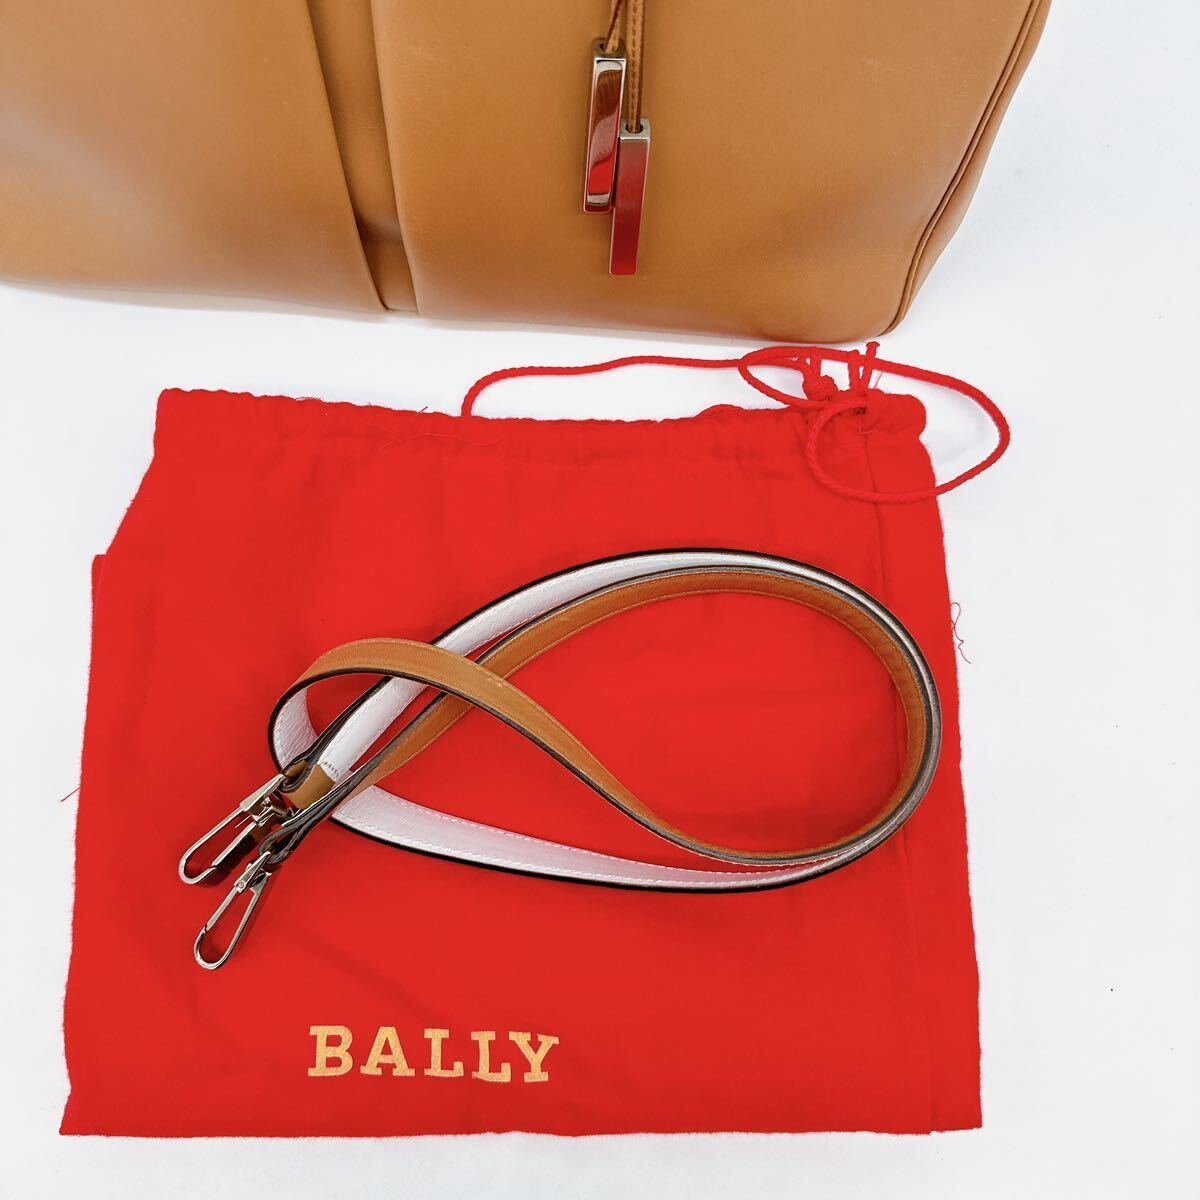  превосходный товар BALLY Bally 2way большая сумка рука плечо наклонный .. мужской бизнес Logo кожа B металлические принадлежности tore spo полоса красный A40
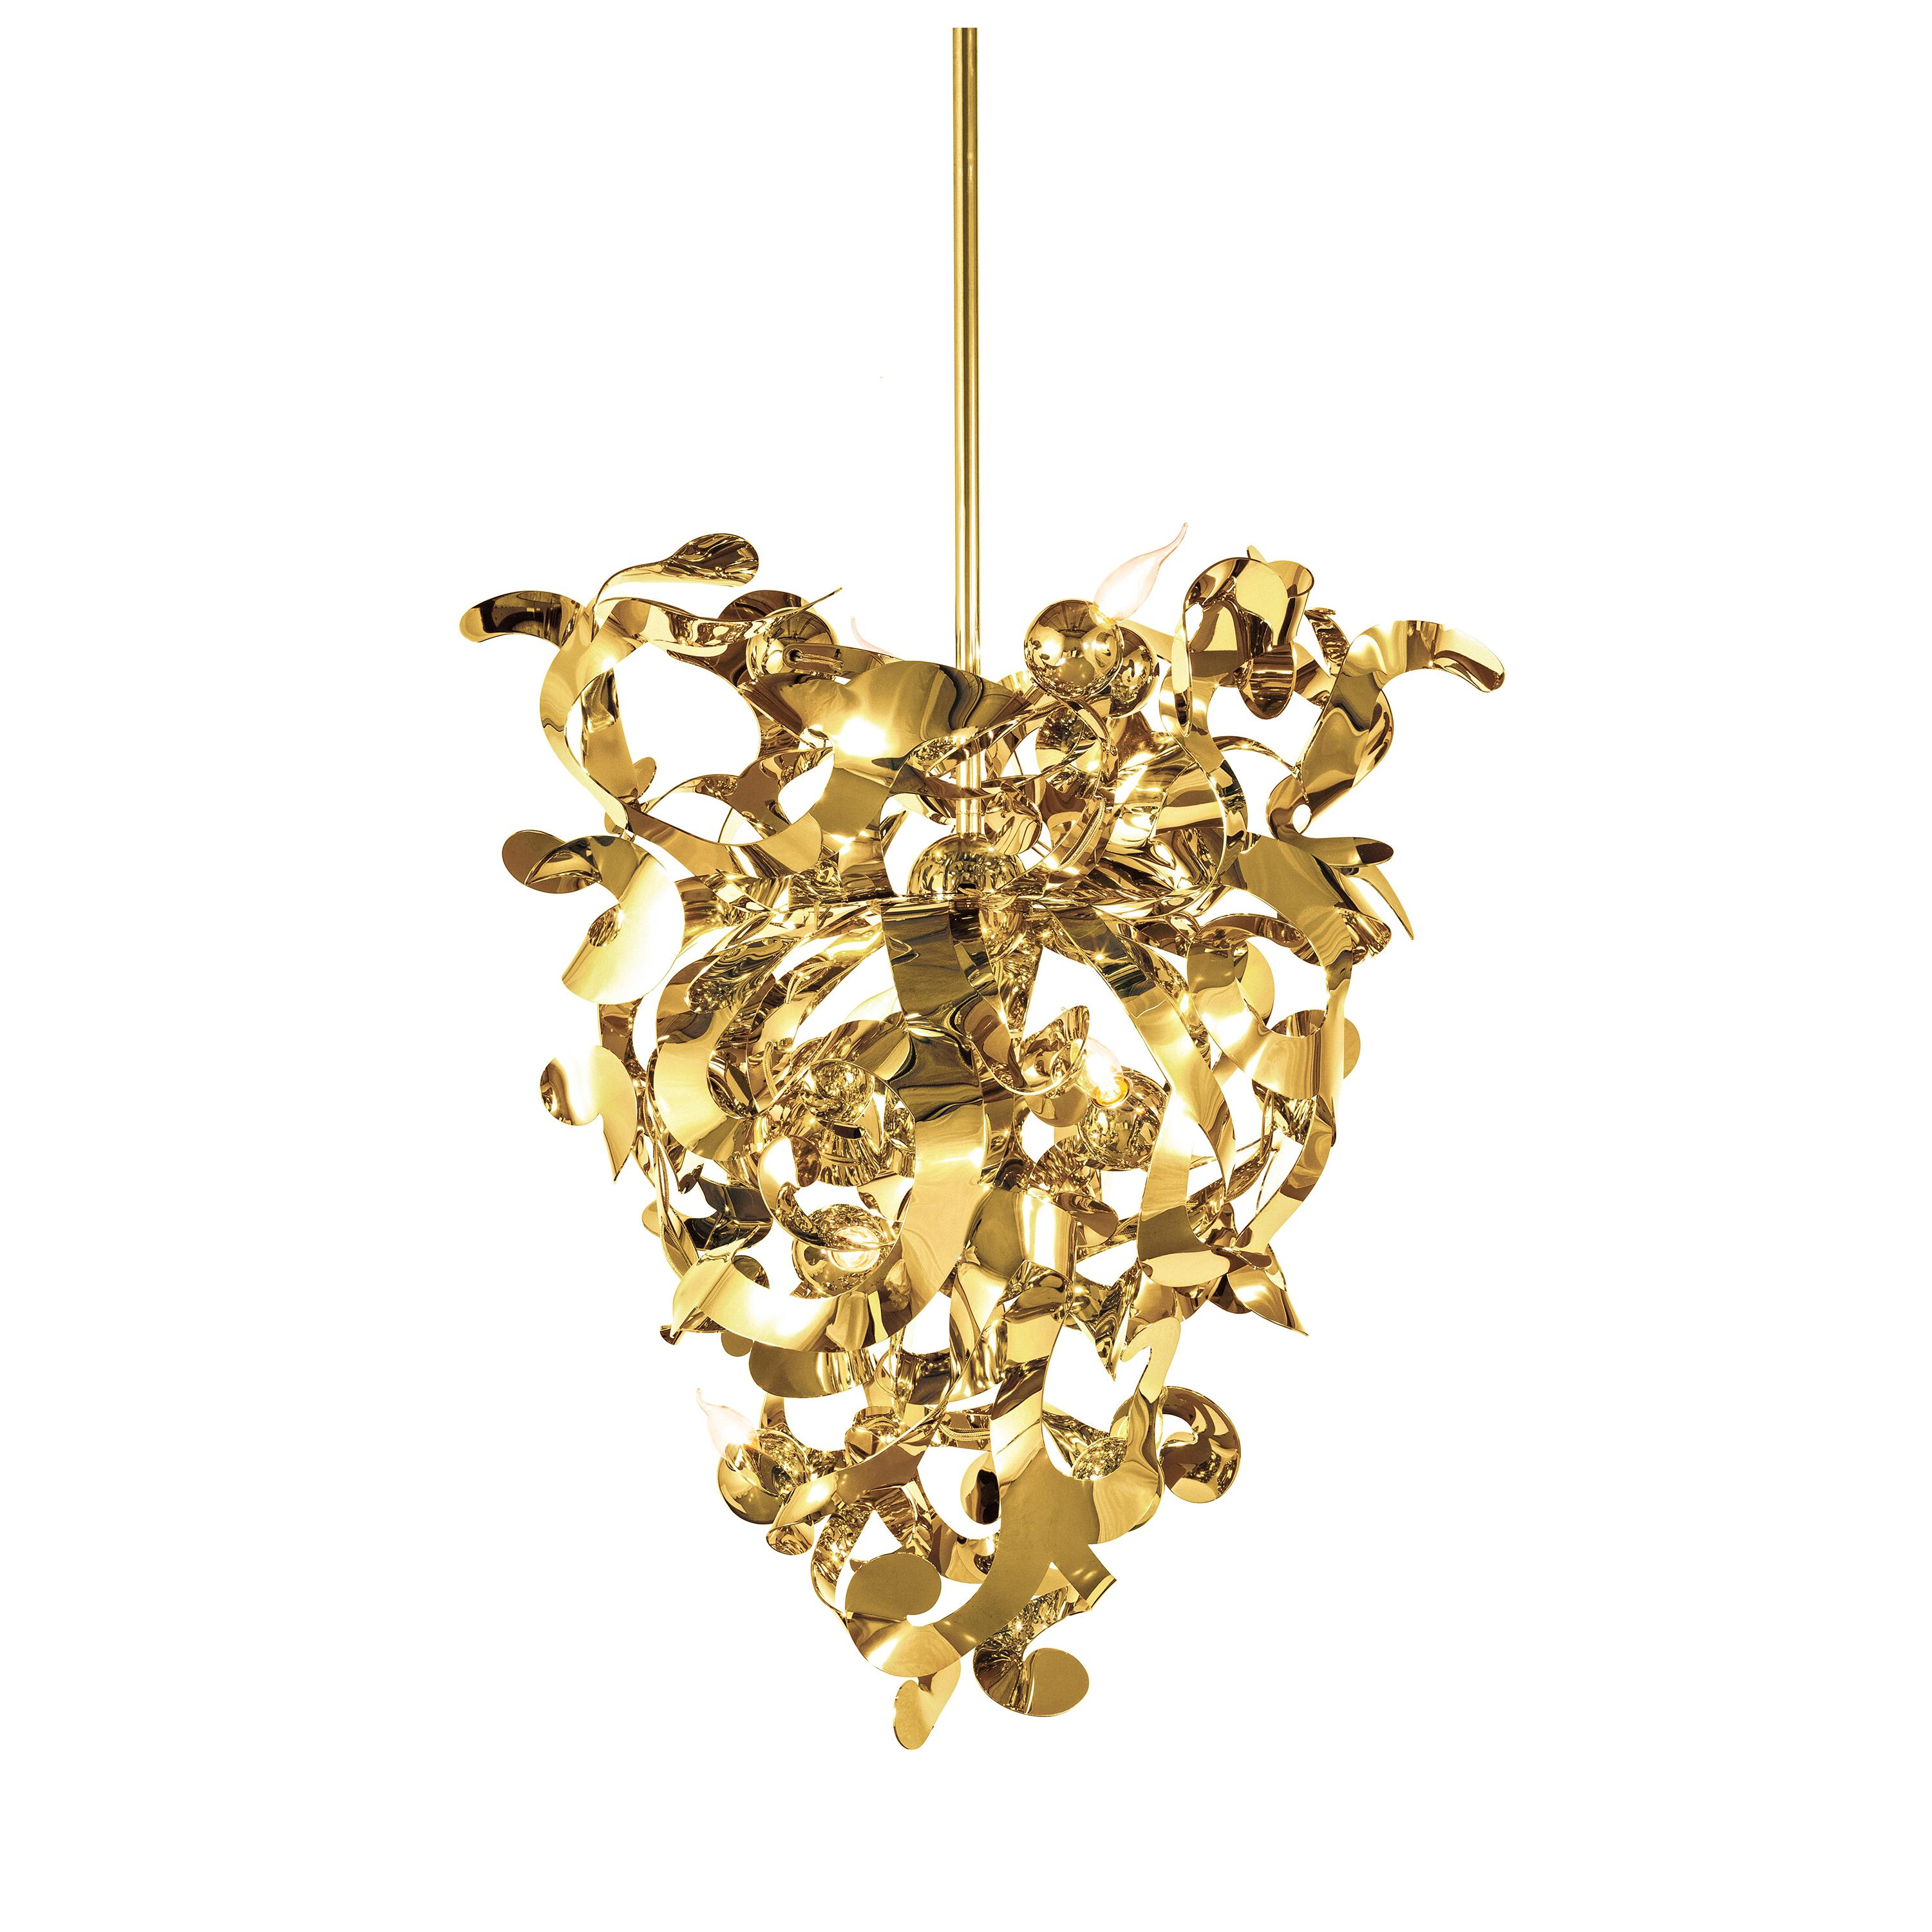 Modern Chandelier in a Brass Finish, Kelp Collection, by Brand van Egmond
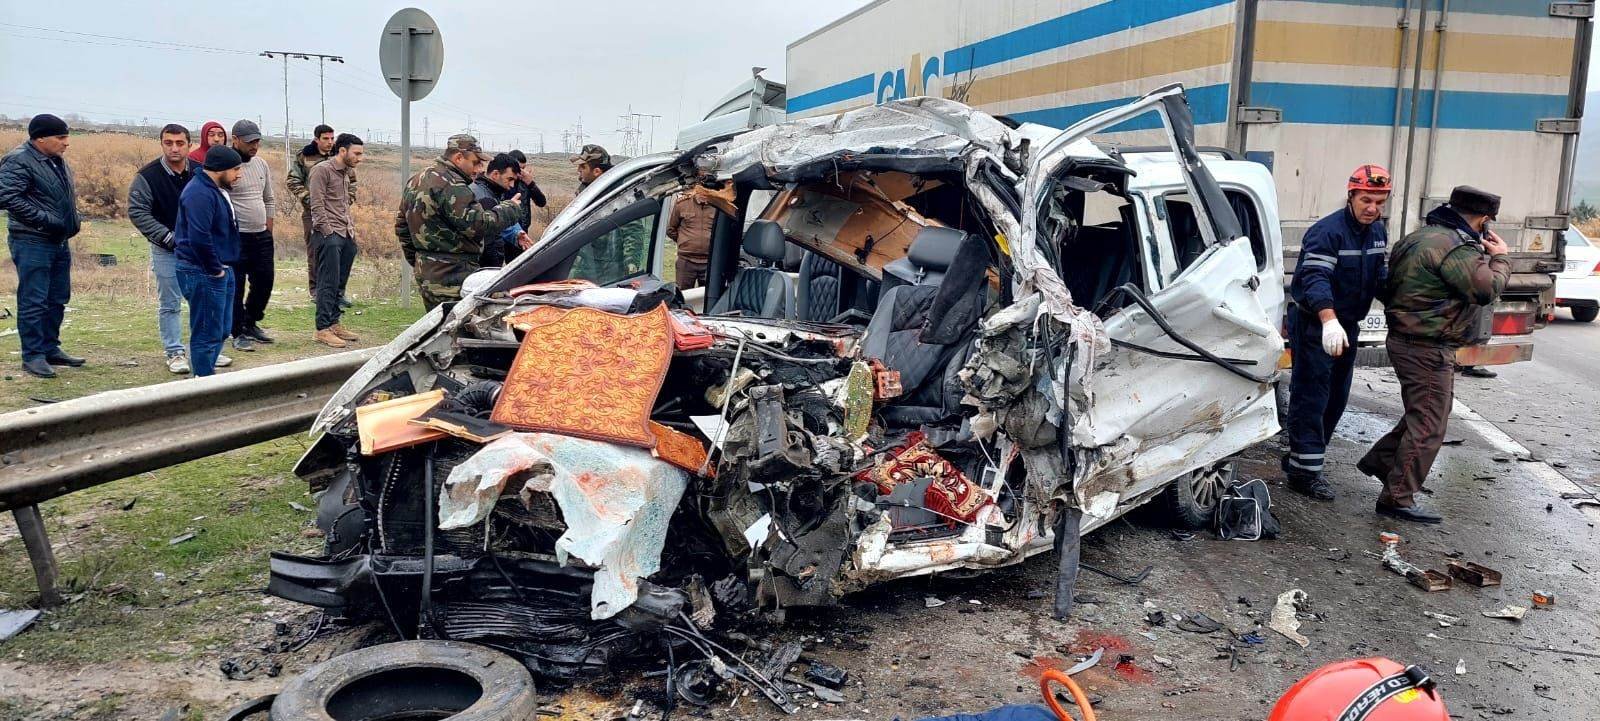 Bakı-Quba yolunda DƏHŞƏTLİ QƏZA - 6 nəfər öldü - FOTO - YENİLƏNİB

******

Copy the full listing above exactly, apart from the pictures.

  превосходный товар BALLY Bally 2way большая сумка рука плечо наклонный .. мужской бизнес Logo кожа B металлические принадлежности tore spo полоса красный A40
 Modern Chandelier in a Brass Finish, Kelp Collection, by Brand van Egmond
 Bakı-Quba yolunda DƏHŞƏTLİ QƏZA - 6 nəfər öldü - FOTO - YENİLƏNİB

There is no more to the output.